• WORK ITEM
What is needed is an exact transcription of the line containing "Shimano Breath Hyper" and every line after it through the end of the entries below, with no pictures.

** RECORDED DATA follows **

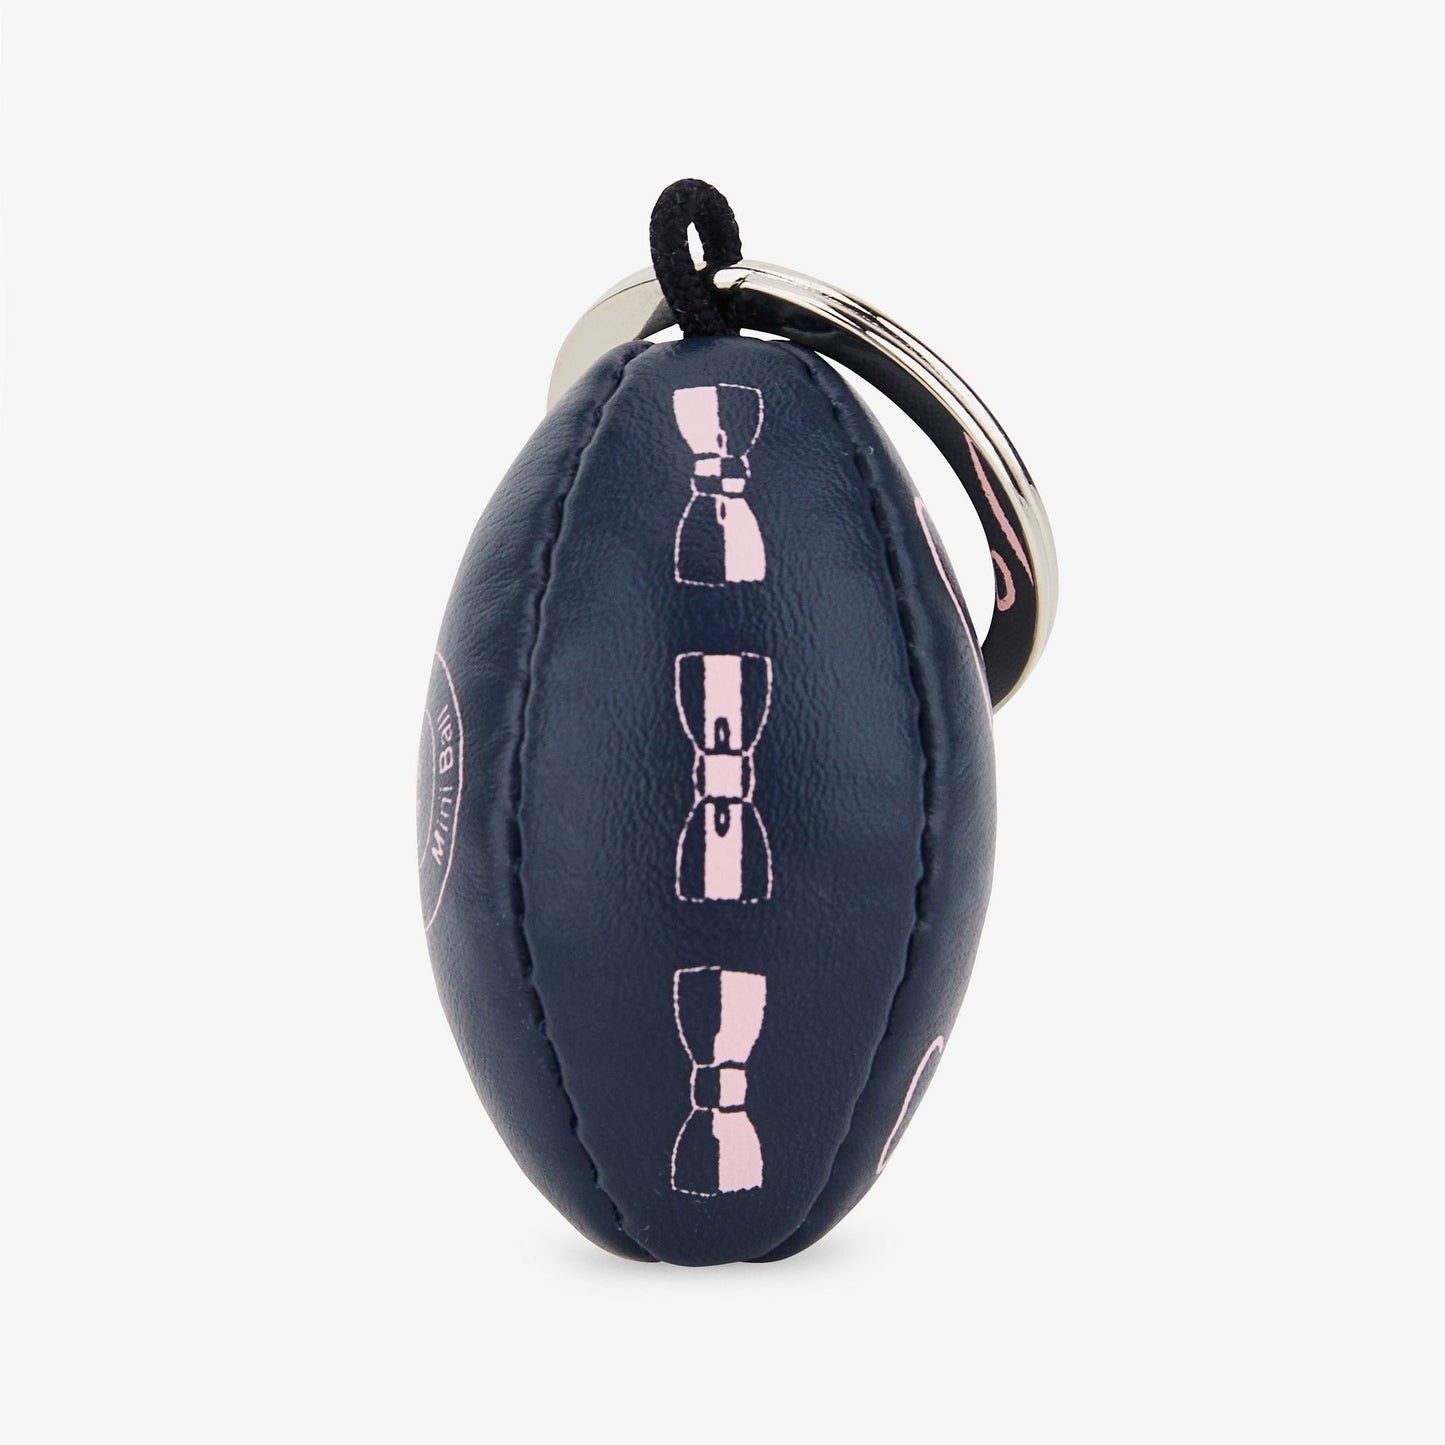 Porte-clés ballon de rugby bleu marine sérigraphié - Image 2
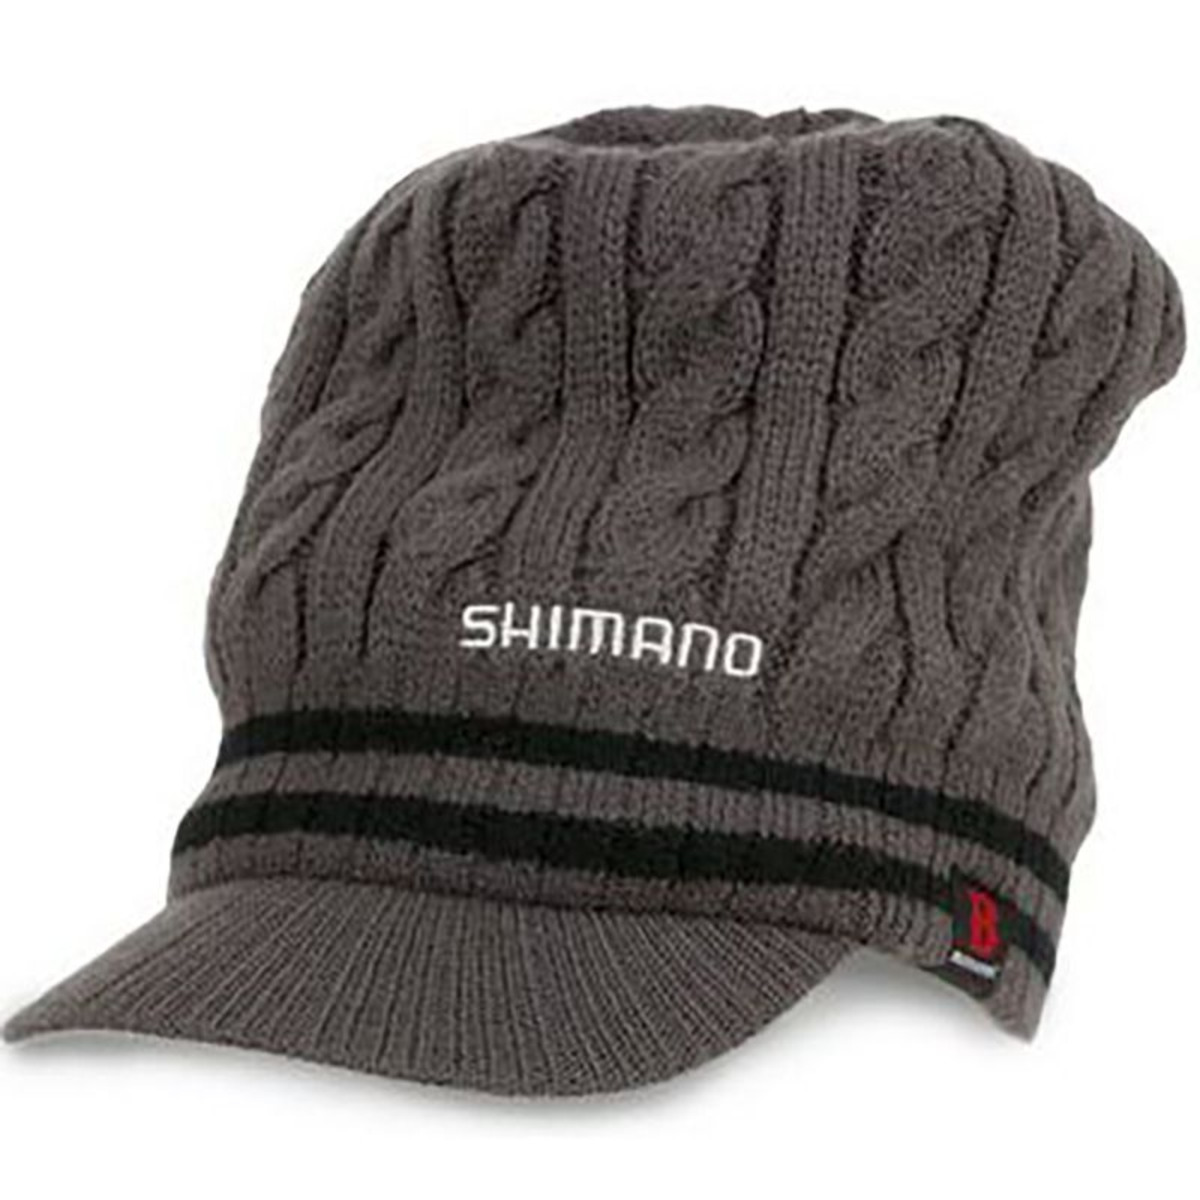 Shimano Breath Hyper Knit Cap with Visor - Black
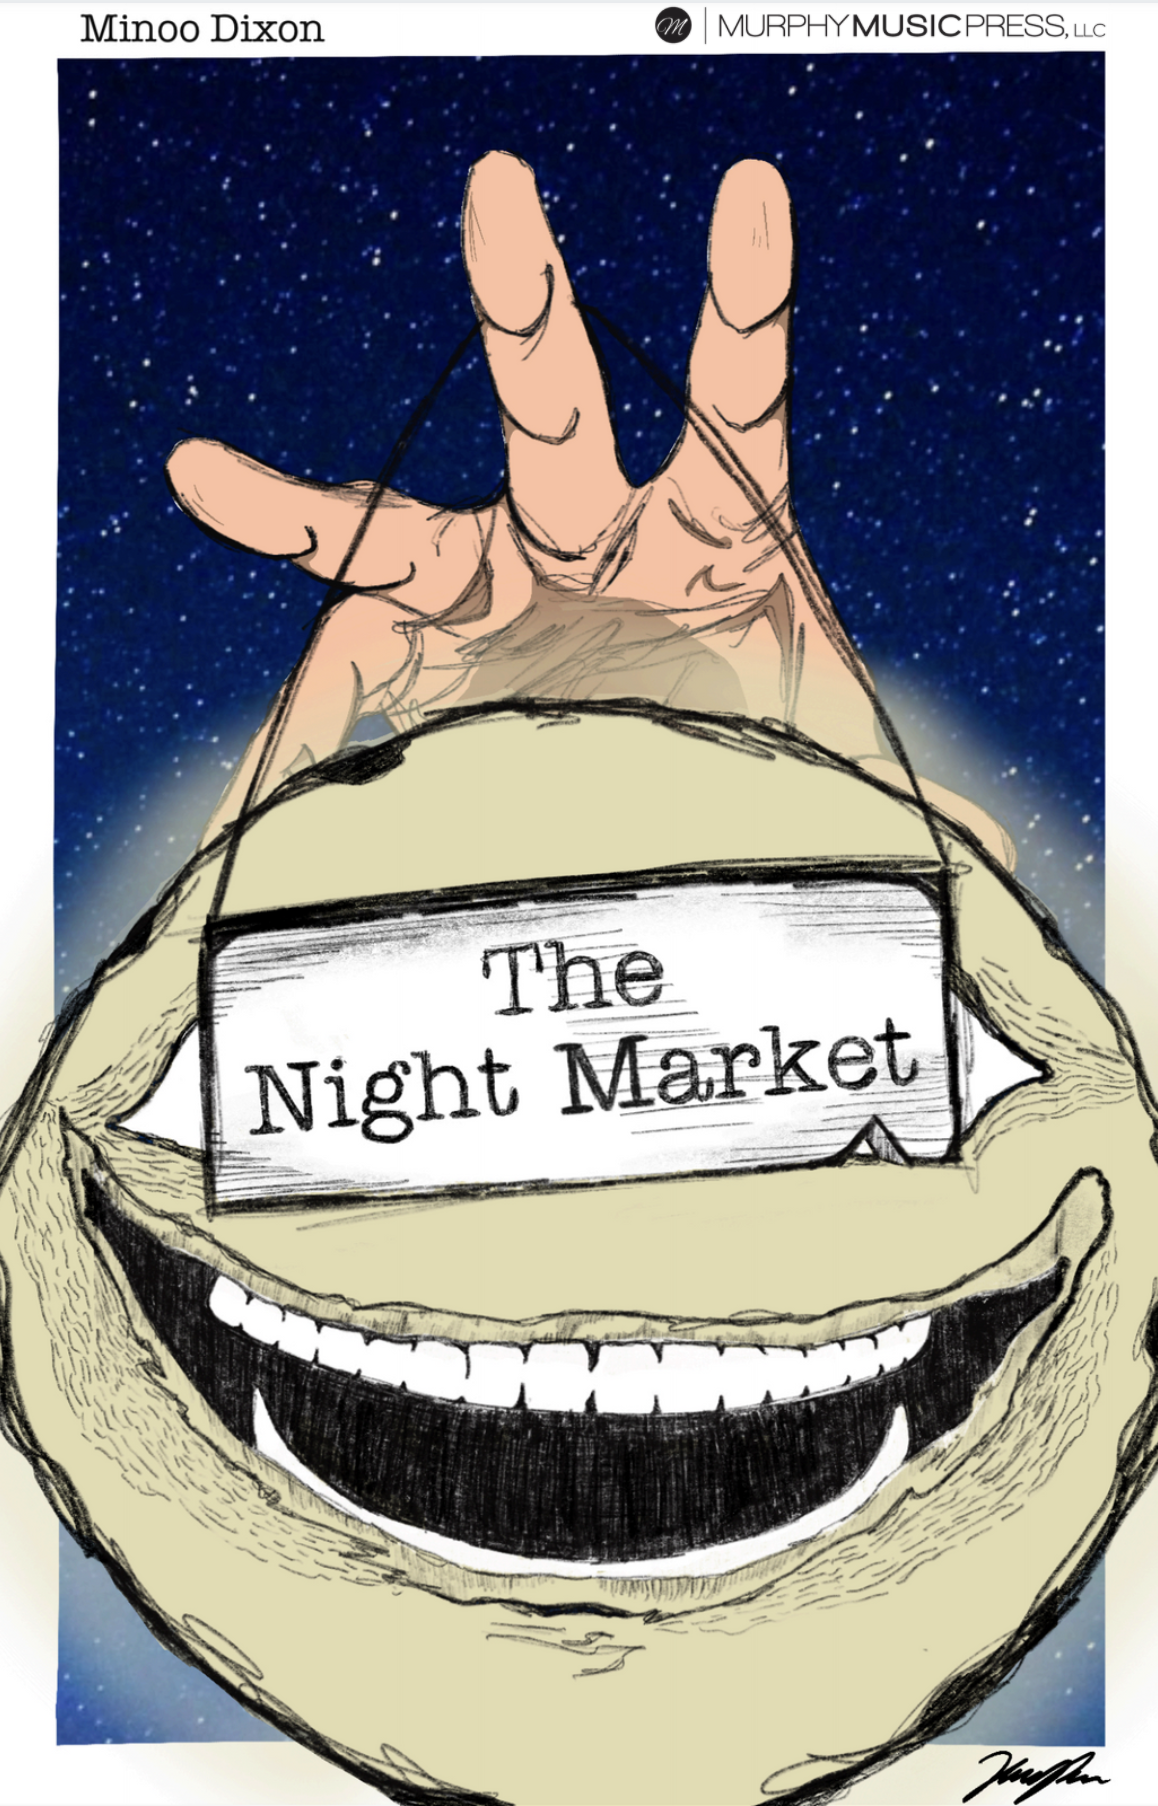 The Night Market by Minoo Dixon
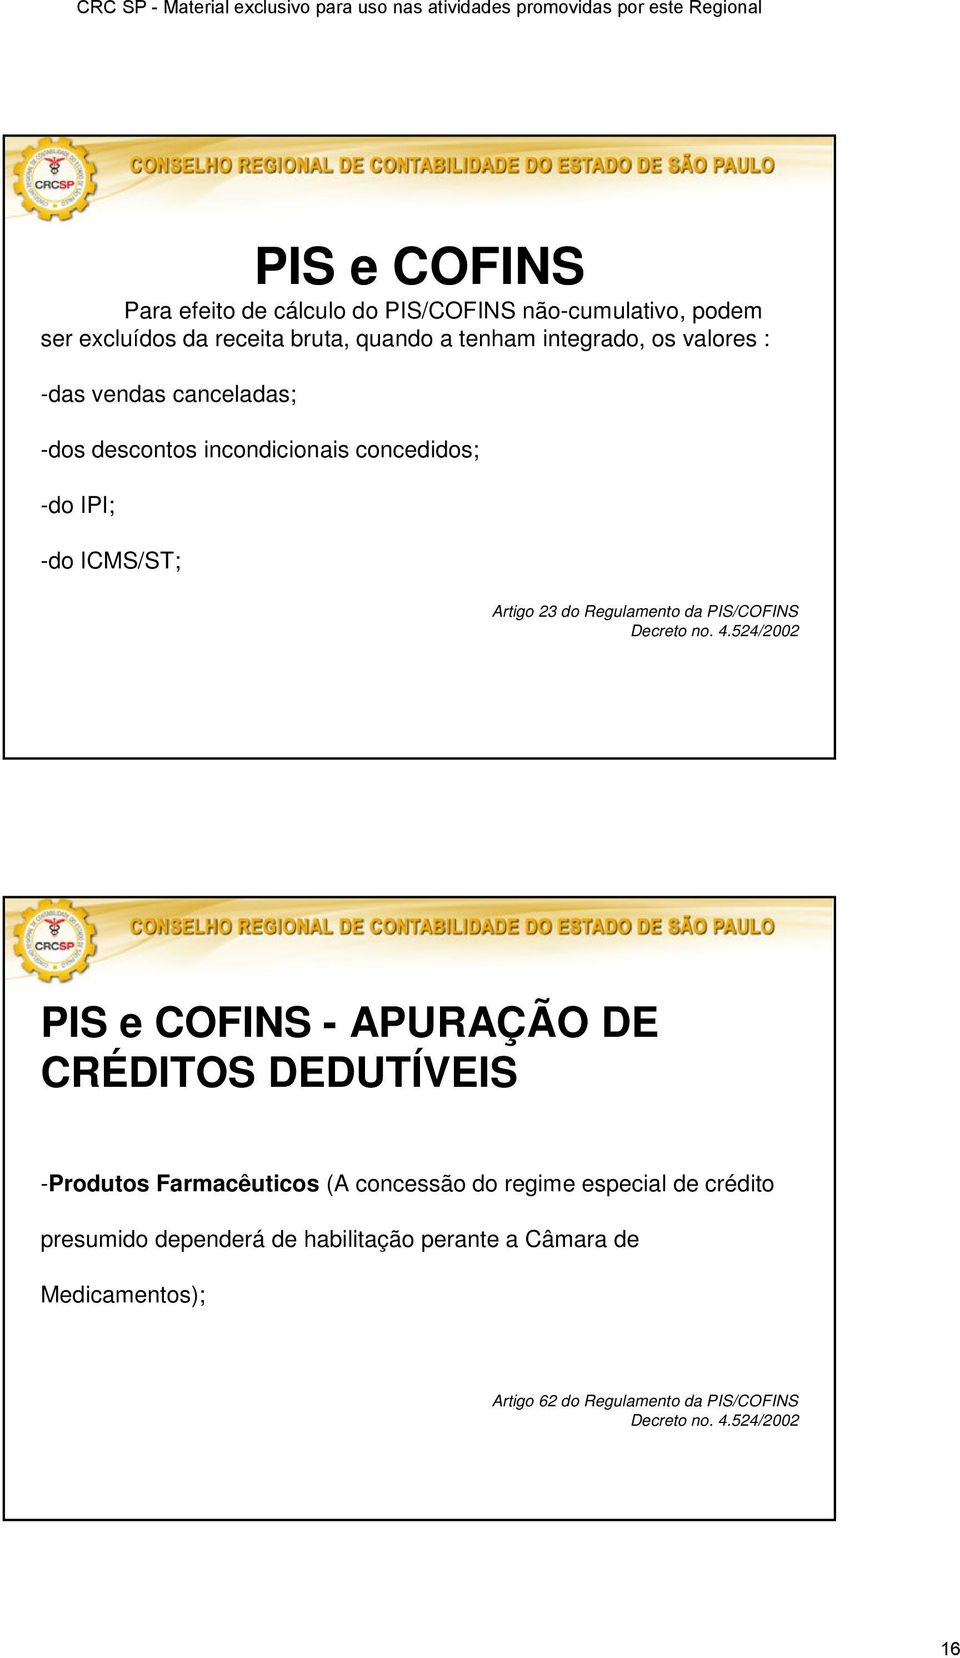 PIS/COFINS Decreto no. 4.
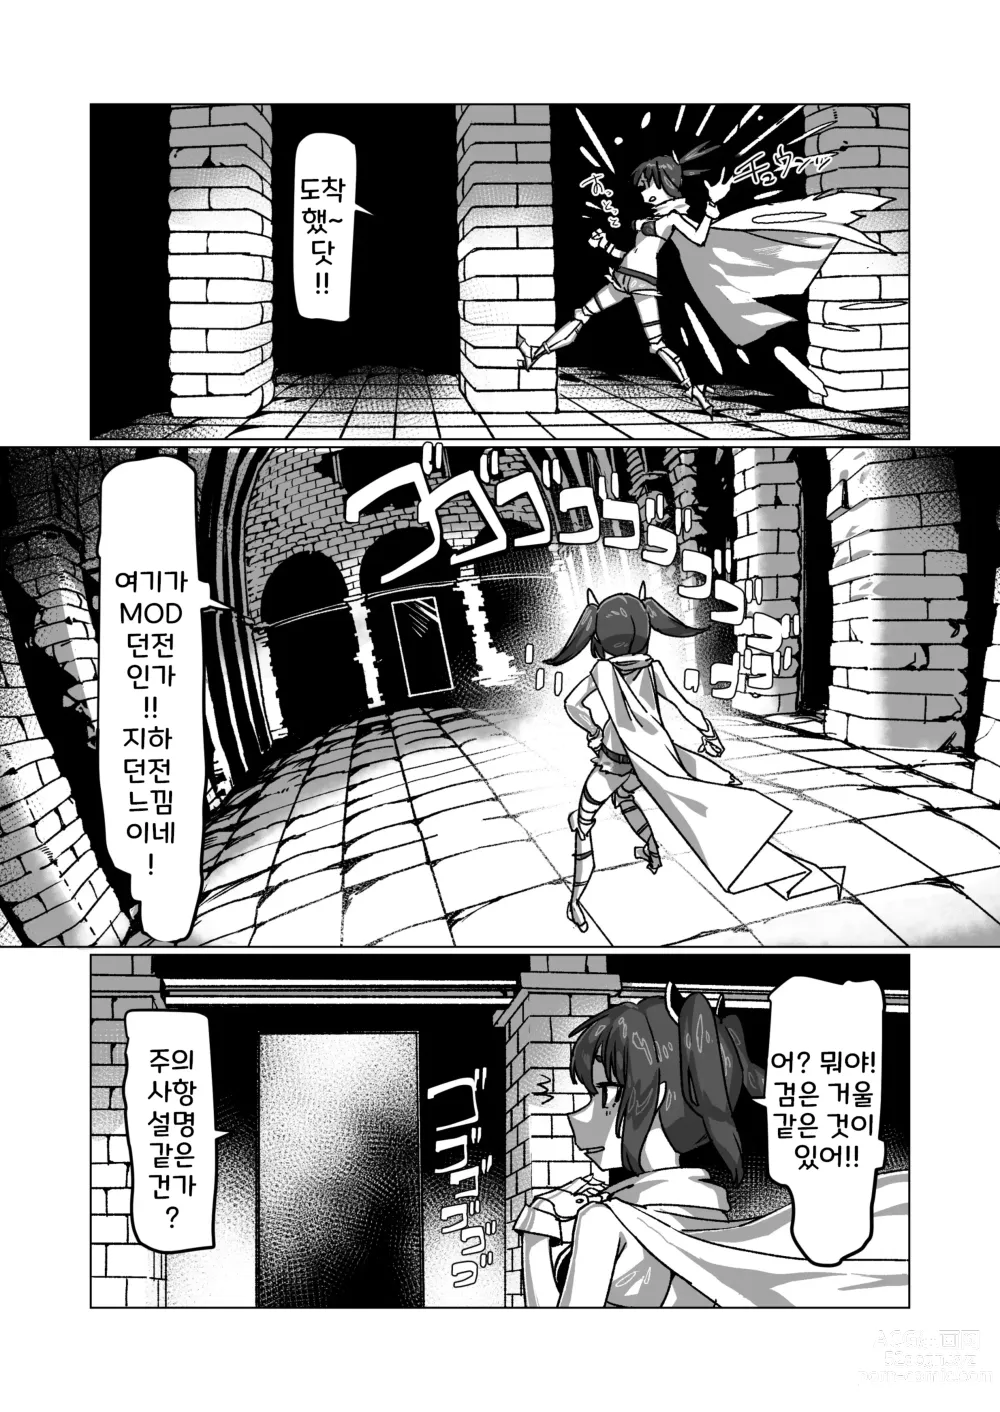 Page 5 of doujinshi 자신을 토호쿠 키리타 라고 믿고있는 키리탄의 풀 다이브 VR 던전

** End of RECORDED DATA **

• EXERCISE OUTPUT
 Shimano Breath Hyper Knit Cap with Visor - Black
 The Night Market by Minoo Dixon
 PIS/COFINS Decreto no. 4.
 Page 5 of doujinshi 자신을 토호쿠 키리타 라고 믿고있는 키리탄의 풀 다이브 VR 던전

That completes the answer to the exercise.